WHAT NEEDS TO BE DONE - Take the lines in the listing below from the line with "Completing the windows" up to and including the line with "Tanya Shadrick on" and set them down exactly, skipping pictures and adding nothing.

INPUT DATA -
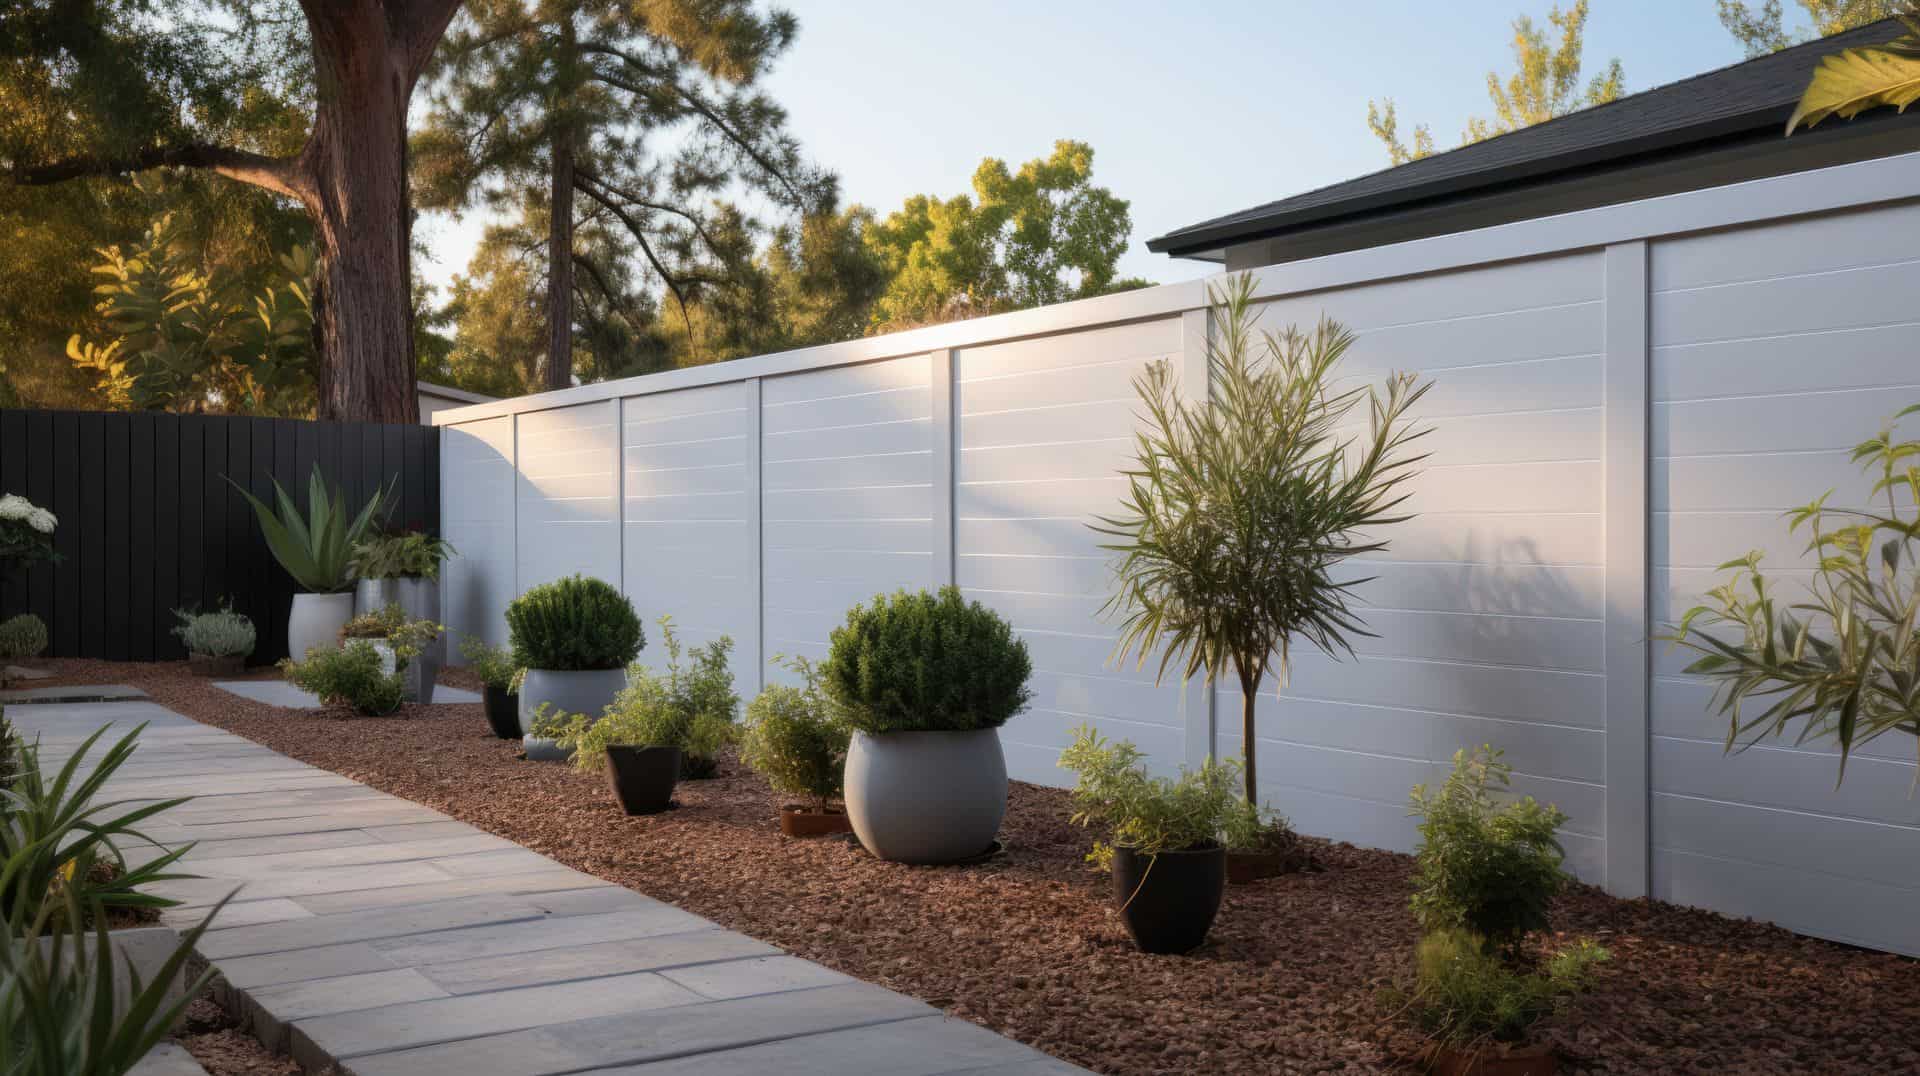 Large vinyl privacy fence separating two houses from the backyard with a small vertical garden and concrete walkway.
--
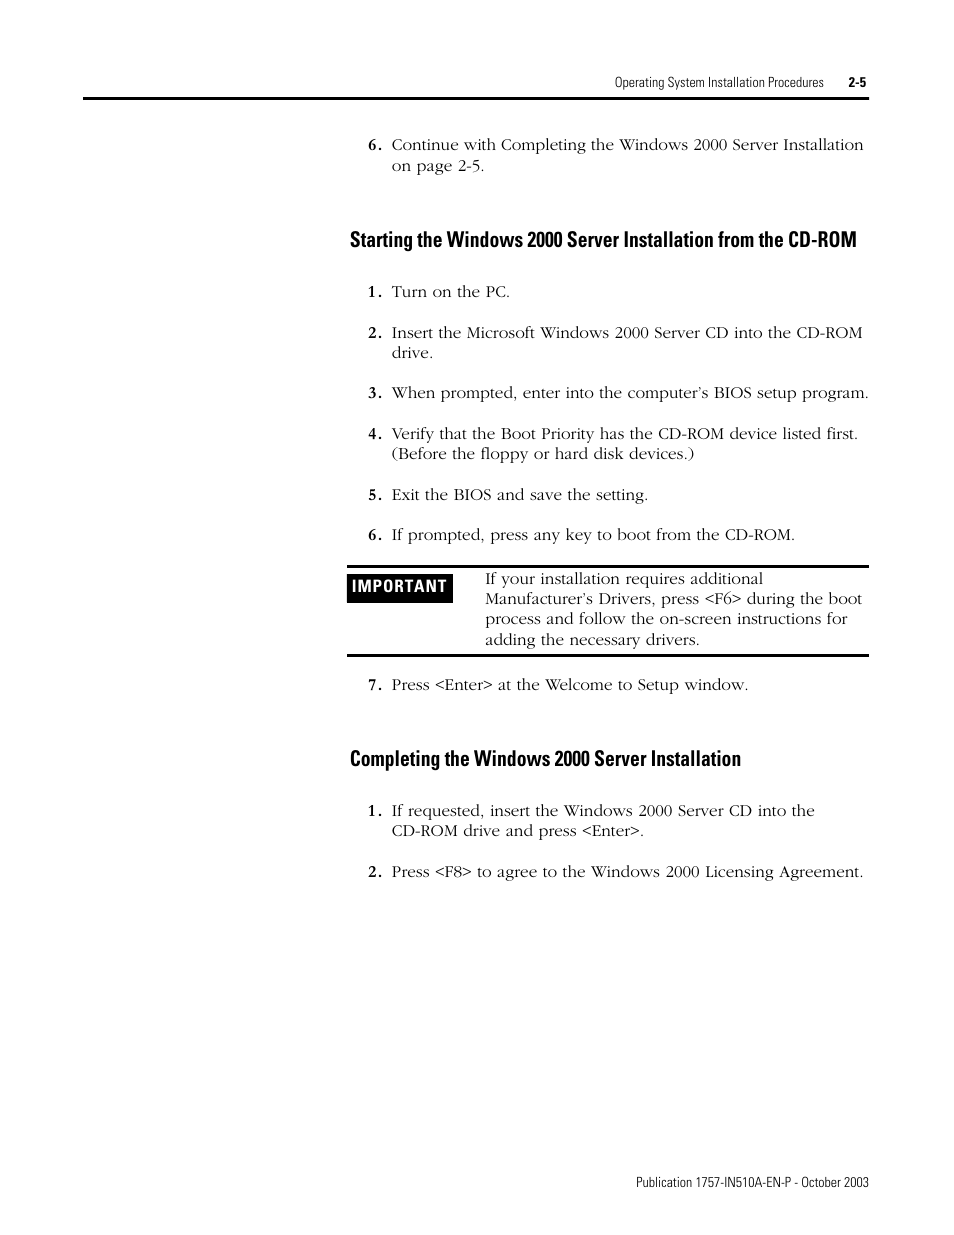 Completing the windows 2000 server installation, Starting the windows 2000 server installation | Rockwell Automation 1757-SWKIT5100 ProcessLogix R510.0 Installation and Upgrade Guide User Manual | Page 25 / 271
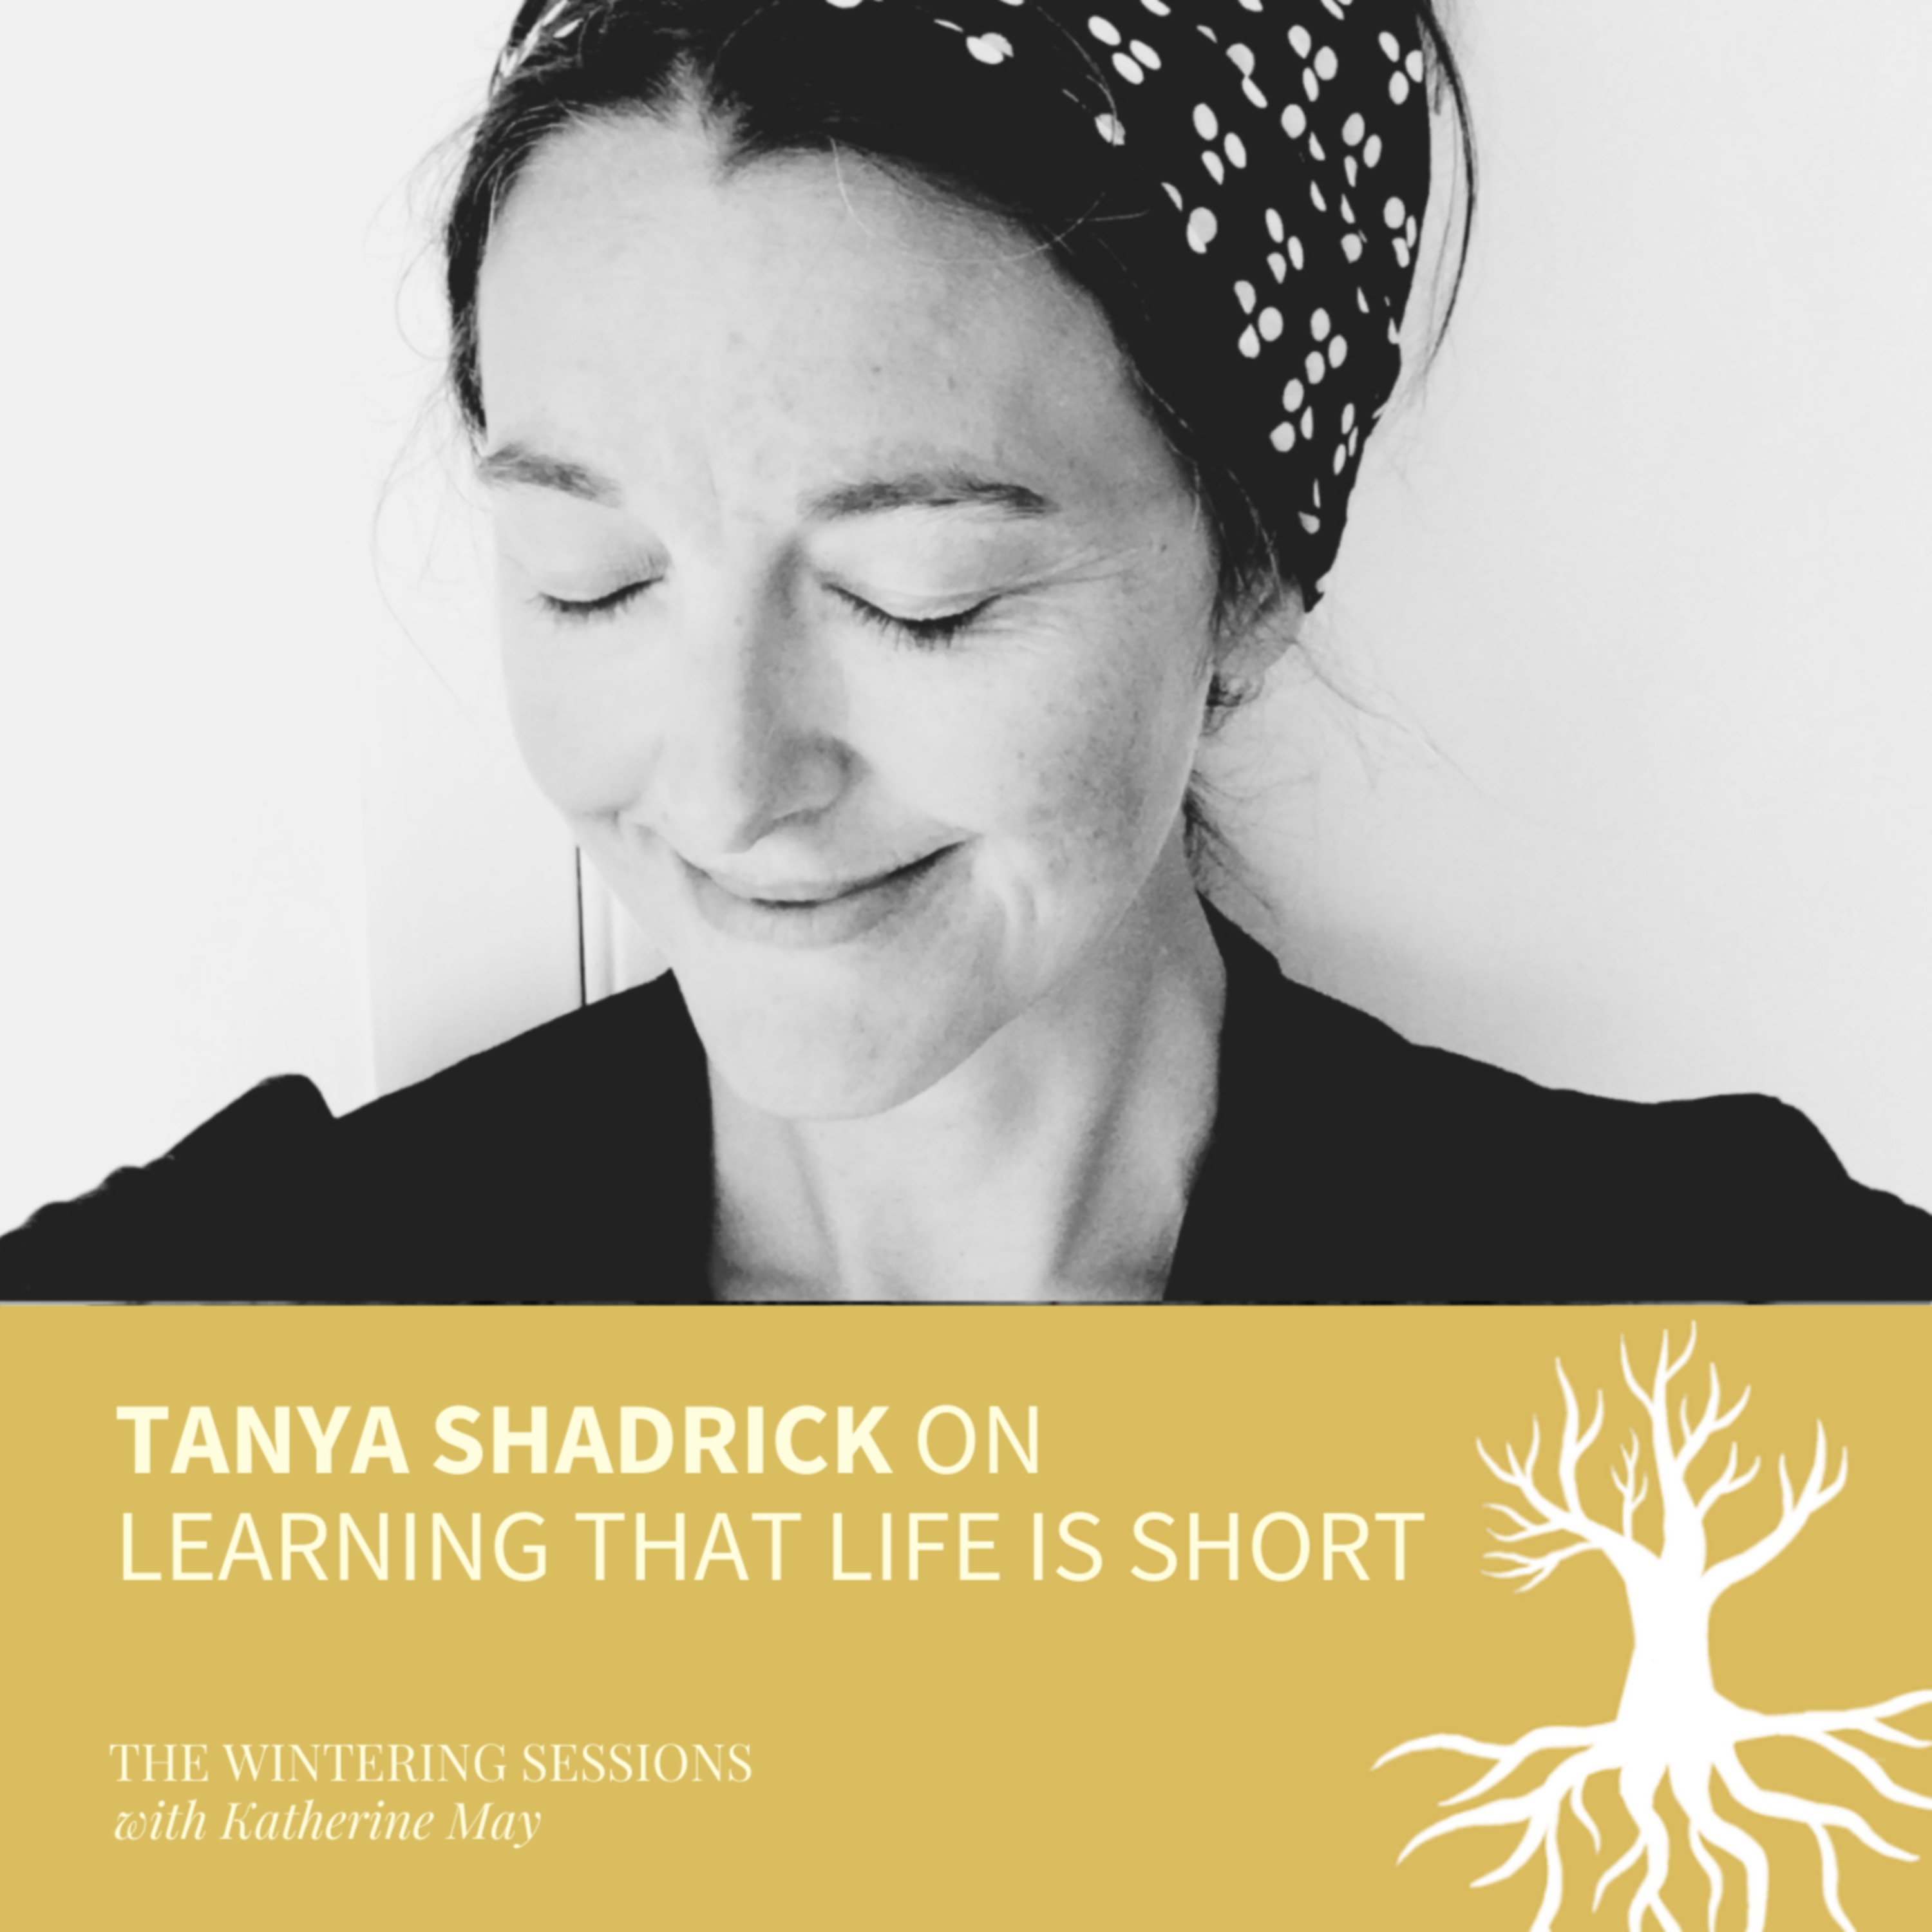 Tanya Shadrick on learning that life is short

TASK SOLUTION -
 Completing the windows 2000 server installation, Starting the windows 2000 server installation | Rockwell Automation 1757-SWKIT5100 ProcessLogix R510.0 Installation and Upgrade Guide User Manual | Page 25 / 271
 Tanya Shadrick on learning that life is short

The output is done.